Beyond “social” biases in data :
Historicity, scientific Opportunities
and societal Risks
11 January 2022 - 12h15-14h00
B101, Bastions - Online, Zoom
Registration mandatory - Under this link
The Data Science Competence Center (CCSD) of the University of Geneva is pleased to invite you to the sixth edition of the Data Science Seminars, exploring social biases in data.
Biases are inherent to any collection and analysis process, and depend on the objective of a given research. Of course, this problem is well known in science, and more particularly in statistics, which has developed complex tools and methods to limit or better understand their consequences on results. Tackling "social" biases with consciousness thus appears as a way to ensure quality research and the possibility of opening up new and unexpected avenues. However, with the rise of Big Data - and the aggregation of large disparate data sets - this critical awareness seems in many cases to be relegated - voluntarily or involuntarily - to the background of the analysis. Coupled with the sometimes blind trust placed in certain emerging data analytics methods, this tendency is not without societal risk, as these data sometimes support political, economic and social decision-making processes, reinforcing the importance of a in-depth understanding of "social" biases.
Through concrete examples drawn from their research, the speakers at this seminar will present how “social” biases appear in their research and how they tackle these issues. These presentations will notably highlight that all data sets are almost always biased. Consequently, the study of this problem has a long-lasting history in sciences, but also in official statistics, while a rich tool of methods exists to handle what today is often called ‘social bias’. They will also underline that the distinction between noise and information can never be taken for granted, while the bias of one research project can become the very data of another one. In this respect, separating noise from information is always a political choice, which should be thoroughly thought, explicitly discussed, and painstakingly implemented. Finally, the speakers will also show how the great uniformity of the population of developers and managers (white men from the middle or upper classes) reinforces the gender bias of artificial intelligence, and how this situation calls for a better understanding of the stakes of data through a more education.
Program
Bias – Sample Bias – Selection Bias – Social Bias
Stefan Sperlich, Professor of Statistics and Econometrics, Geneva School of Economics and Management.

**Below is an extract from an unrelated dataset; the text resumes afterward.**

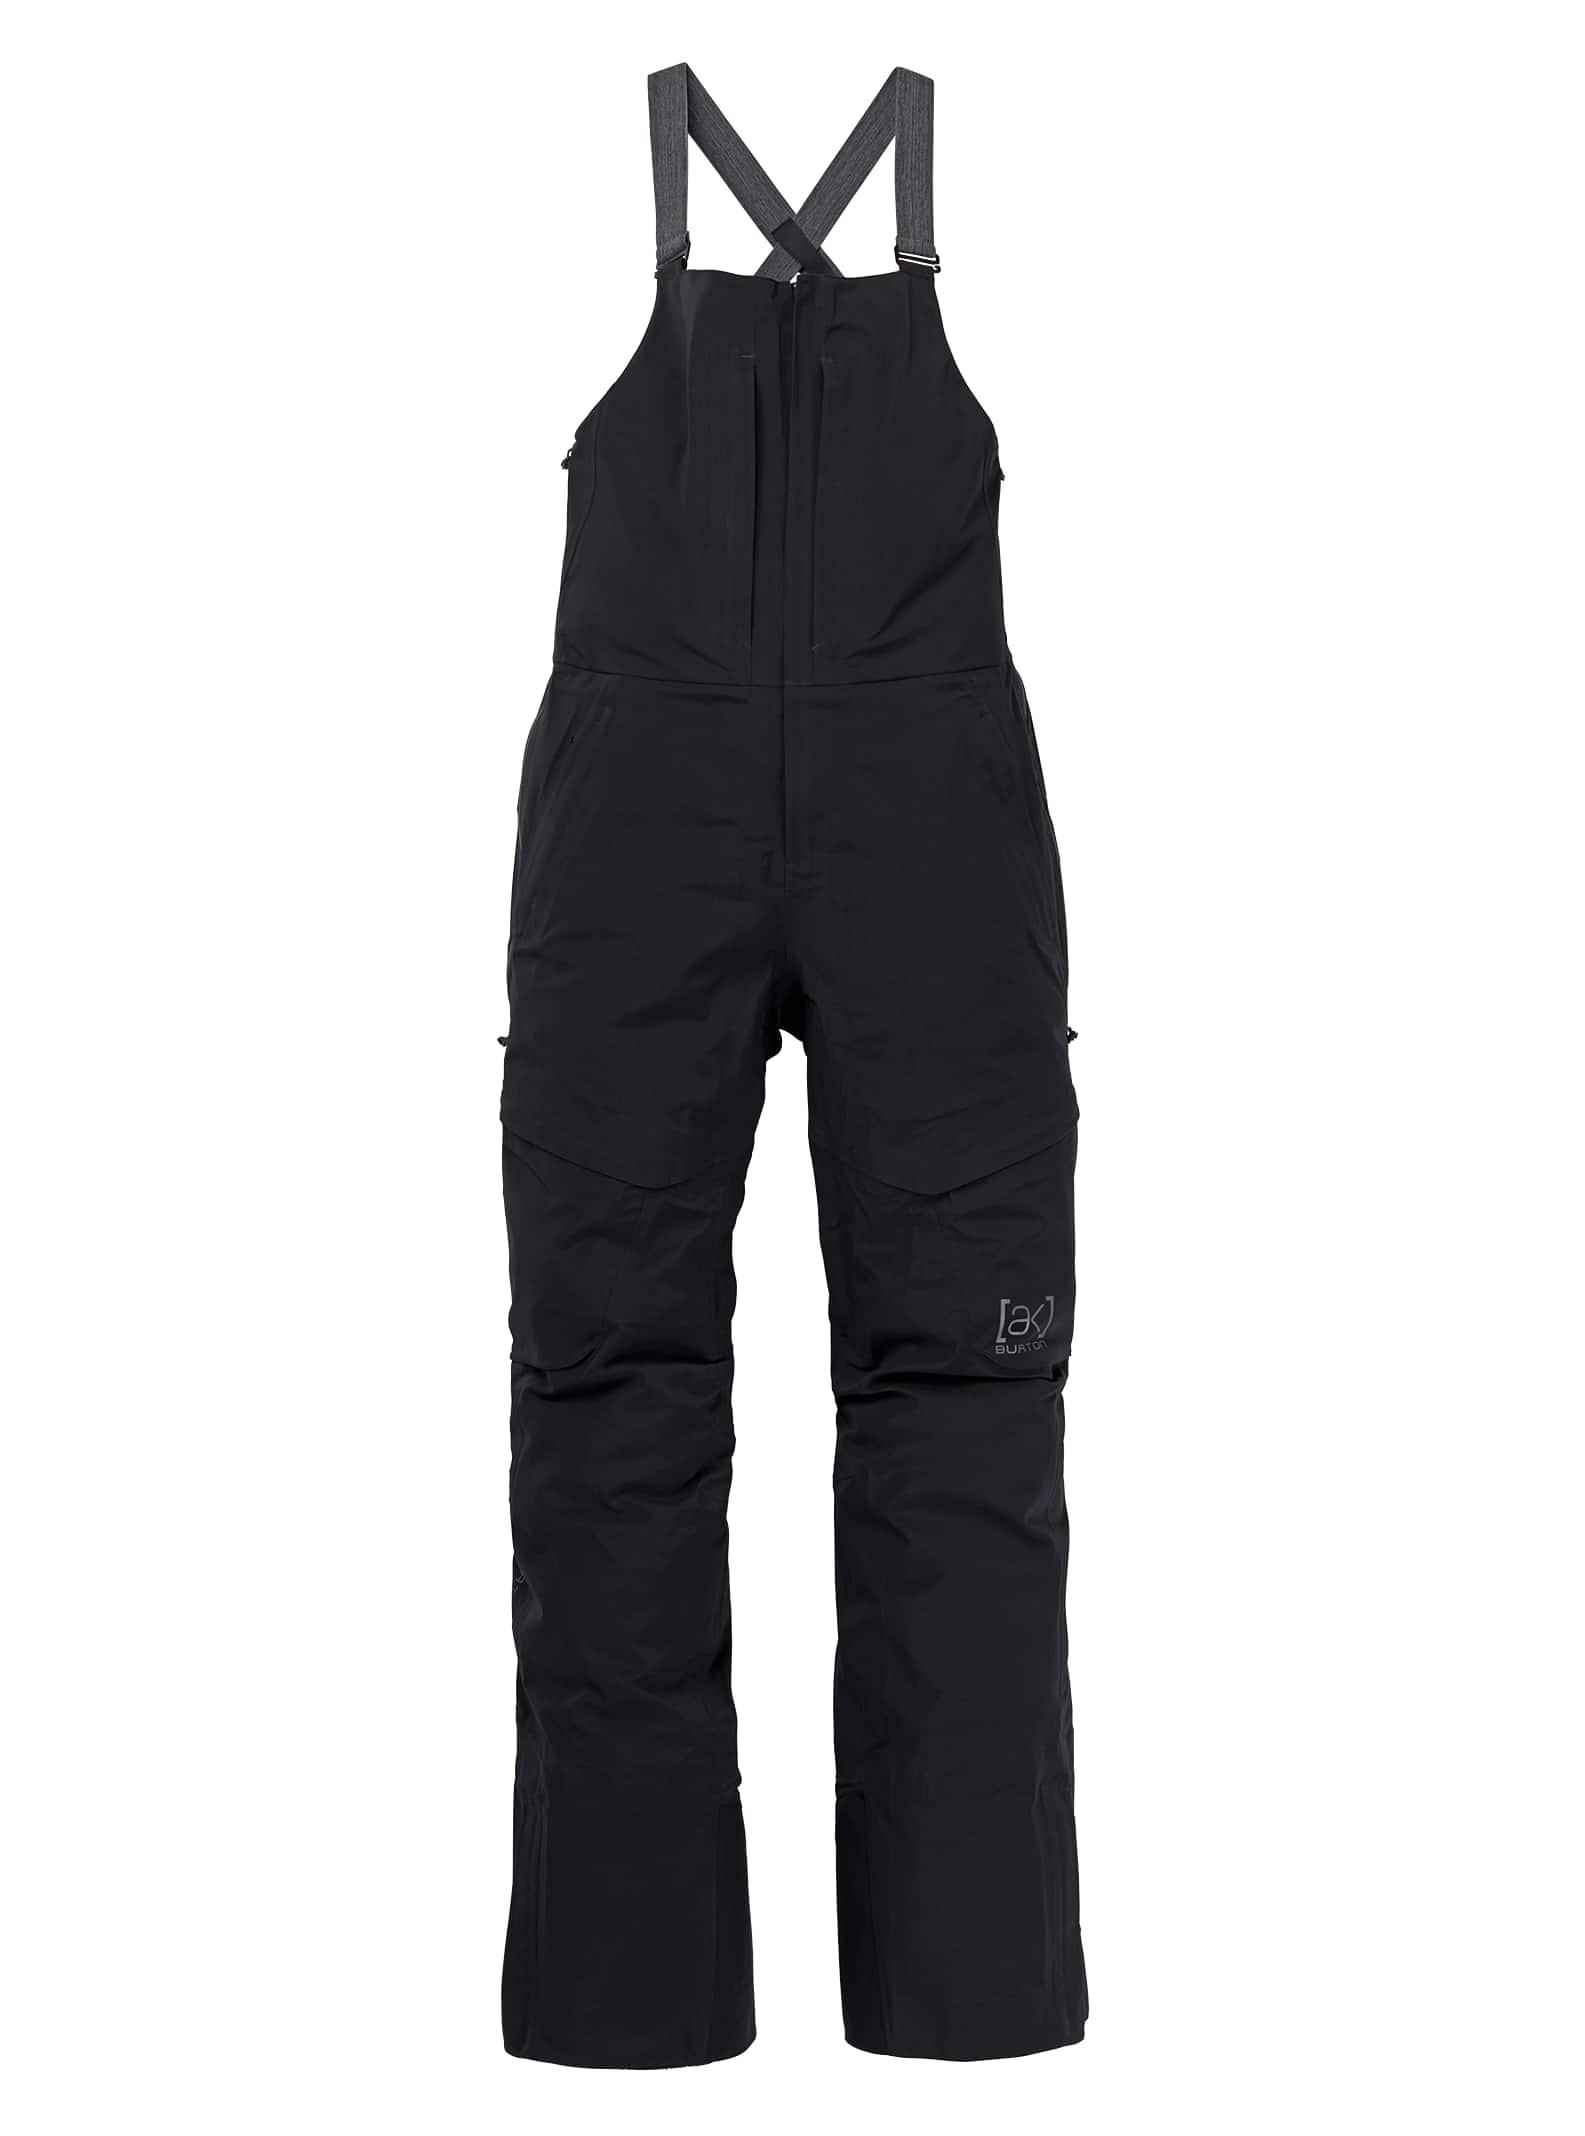 Burton [ak] GORE‑TEX 3L Kimmy Stretch skidbyxa för damer, True Black, XL
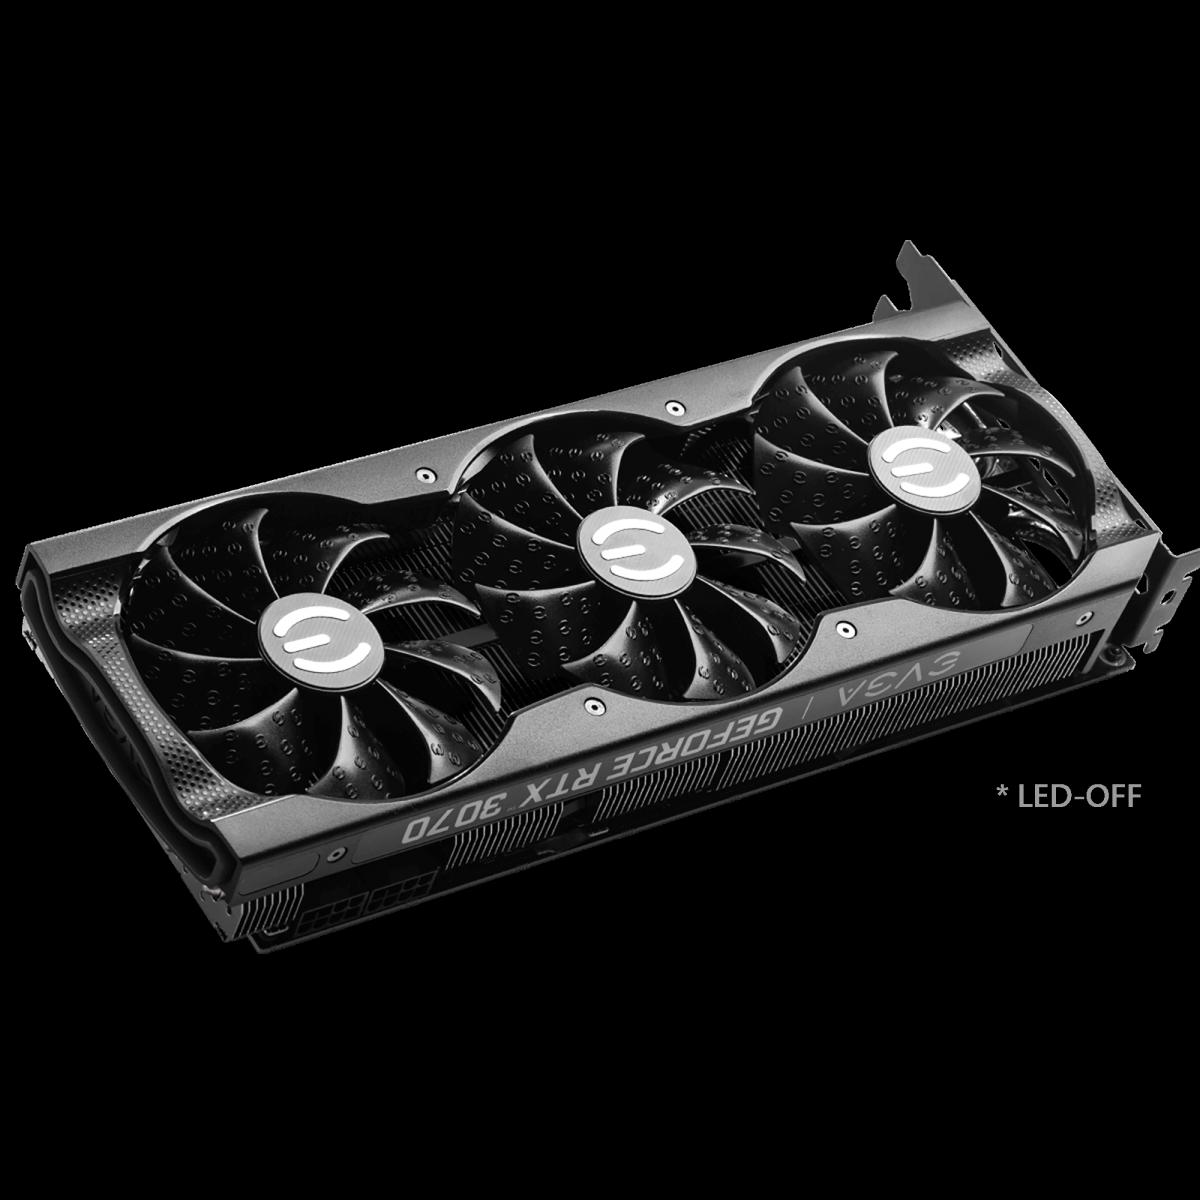 Placa de Vídeo EVGA GeForce RTX 3070 XC3 Black Gaming, 8GB, GDDR6, 256bit, 08G-P5-3751-KR

In order to focus the discussion and understand each other, it is helpful to first clarify notation and objective. Typically, the objective is to estimate or test a specific parameter or function for a specific population of interest. The meaning of a “Bias” is relatively clear in statistics; and for any discussion in data analytics it is recommended to resort to such a clear definition. This “clearness” seems to get blurred when turning from a statistic (descriptive or inferential) to the dataset itself, e.g. from estimation bias to sample bias. While it is often distinguished then between experimental versus observational data, it might be more insightful to distinguish between a targeted survey (or census, series, etc) versus alternative data sources. Such distinction could help to understand that in the general linguistic sense, all data sets are almost always biased, rendering this notion a bit meaningless. This, however, is not a failure of statistics or data analytics; it just means that you need to adapt it to your objective. This requires to understand what population is actually represented by your data set and/or to be provided with external information about the population of interest (in order to link the dataset to it), or to have a clear idea about the data generating process (see notion ‘social’). It is a misbelief that this is intrinsic to, or special for, data (analytics) in social sciences; the study of this problem has a long-lasting history in sciences, especially biometrics, but also in official statistics. Consequently, there exists a rich tool of methods to handle what today is often called ‘social bias’.
Our bias about bias
Tommaso Venturini, Associate Professor, Geneva School of Social Sciences.
When thinking about the bias that comes with data (any kind of data, really), it is important to keep in mind that, in research, the distinction between noise and information can never be taken for granted. Quite the contrary such distinction is always dependent on the questions and objectives of the researchers and on the situation in which they operate. The bias of one research project can become the very data of another one. Keeping this in mind it is crucial to avoid believing that problem of data biases can be solved only through technical or statistical fixes. Separating noise from information is always a political choice, which should be thoroughly thought, explicitly discussed, and painstakingly implemented. This highlights, among other things, the importance to always be able to have a qualitative check of one’s quantitative corpus – computational analysis should never be warranted without the guarantee of a meticulous close reading check.
Inequality by design ? How to think together about gender bias in data
Isabelle Collet, Associate Professor, Faculty of Psychology and Educational sciences
Today, women represent less than 15% of students in computer science. This quasi non-gender mix of the field has consequences not only on gender equality in employment, but also on the inclusiveness and performance of digital applications. The great uniformity of the population of developers and managers (white men from the middle or upper classes) tends to make the needs and characteristics of other populations, especially women, disappear. The purpose of this conference is to expose the gender bias of artificial intelligence, and then to consider the educational solutions to be put in place to allow the whole society to understand the stakes of data.